O Governo aprovou em Conselho de Ministros no passado dia 17 de novembro uma resolução que dá início à transferência e partilha de competências de serviços regionais do Estado para as Comissões de Coordenação e Desenvolvimento Regional (CCDR) em nove áreas: economia, cultura, educação, formação profissional, saúde, conservação da natureza e das florestas, infraestruturas, ordenamento do território e agricultura. Sob a capa de uma alegada descentralização de competências, o Governo prepara-se na realidade para prosseguir com o desmantelamento das estruturas desconcentradas do Ministério da Agricultura, contribuindo assim para a desertificação do interior.
Na realidade, o desmantelamento do Ministério da Agricultura não constitui uma novidade. Há décadas que os serviços de extensão do Ministério, onde trabalhavam centenas de técnicos altamente credenciados e com um profundo conhecimento do terreno, têm vindo a ser progressivamente descontinuados. O número de funcionários afetos às direções regionais de agricultura era de 7200 em 1970. Em 2006, eram apenas 3600, passando depois a 2000, em 2013. Em 2016, contavam-se apenas 1800 trabalhadores.
«Na realidade, o desmantelamento do Ministério da Agricultura não constitui uma novidade. Há décadas que os serviços de extensão do Ministério, onde trabalhavam centenas de técnicos altamente credenciados e com um profundo conhecimento do terreno, têm vindo a ser progressivamente descontinuados.»
Foram, assim, muitos os serviços que pura e simplesmente acabaram1. Uma densa rede de laboratórios que prestavam um valioso apoio aos agricultores praticamente desapareceu. Mais recentemente, foram as florestas que passaram para o Ministério do Ambiente, seguindo-lhe igualmente a tutela sobre os animais de companhia, até então sob a alçada da Direção-Geral de Veterinária, pertencente ao Ministério da Agricultura. O bem-estar animal esteve igualmente para seguir o mesmo destino, tendo felizmente imperado o bom senso, veremos até quando.
Ao concentrar serviços nas CCDR, o Governo PS confirma a sua visão estratégica sobre a agricultura, reduzindo o papel do Ministério da Agricultura a uma mera função distribuidora dos fundos da Política Agrícola Comum (PAC). Com esta medida, o Governo PS demite-se da sua função de orientação política em matéria de produção agrícola e de soberania alimentar.
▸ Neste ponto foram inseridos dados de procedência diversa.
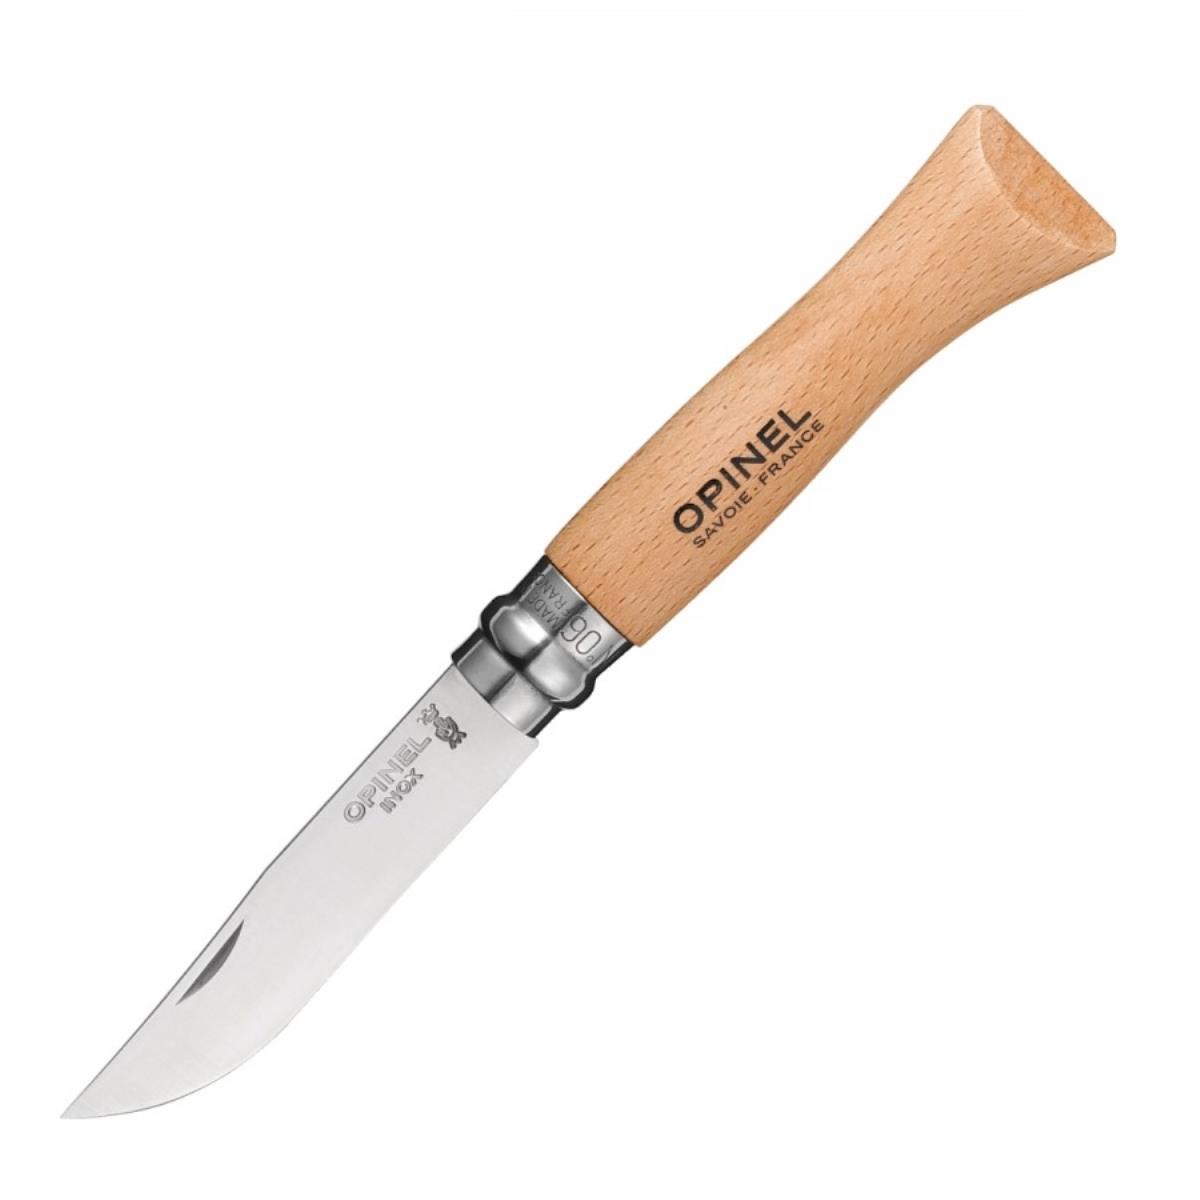 Нож №6 VRI Tradition Inox (нерж.сталь, рукоять бук, длина клинка 7 см) (1230607) OPINEL складной нож boker sherman damast сталь дамаск рукоять микарта

Abdica, ao mesmo tempo, de qualquer ação política consequente em matéria de desenvolvimento do interior e de dinamização do mundo rural.
«Urge [...] canalizar os apoios para as regiões mais carenciadas [...]. Contudo, isto exige o reforço dos serviços públicos de extensão rural, ou seja, exatamente o contrário do que este Governo está a fazer.»
Há décadas que a PAC se encontra capturada pelos interesses das grandes explorações do Alentejo e do Ribatejo, deixando grande parte do País ao abandono. A atualidade da pandemia e da guerra provocada pelas ambições imperialistas da NATO e dos Estados Unidos colocam hoje mais do que nunca a necessidade de os Estados nacionais diminuírem a sua dependência alimentar face ao exterior. Urge, por isso, inverter esta situação, passando a canalizar os apoios para as regiões mais carenciadas, onde existem inúmeras potencialidades, seja na área florestal, seja na área agrícola ou agropecuária. Contudo, isto exige o reforço dos serviços públicos de extensão rural, ou seja, exatamente o contrário do que este Governo está a fazer.
- 1. J. Ramos Rocha, J. C. Rolo e F. Cordovil, Ministério da Agricultura 1985-2017: evolução institucional e políticas por grandes domínios de intervenção, volume III de Materiais para a História do Ministério da Agricultura 1918-2017, s.l., INIAV, 2021.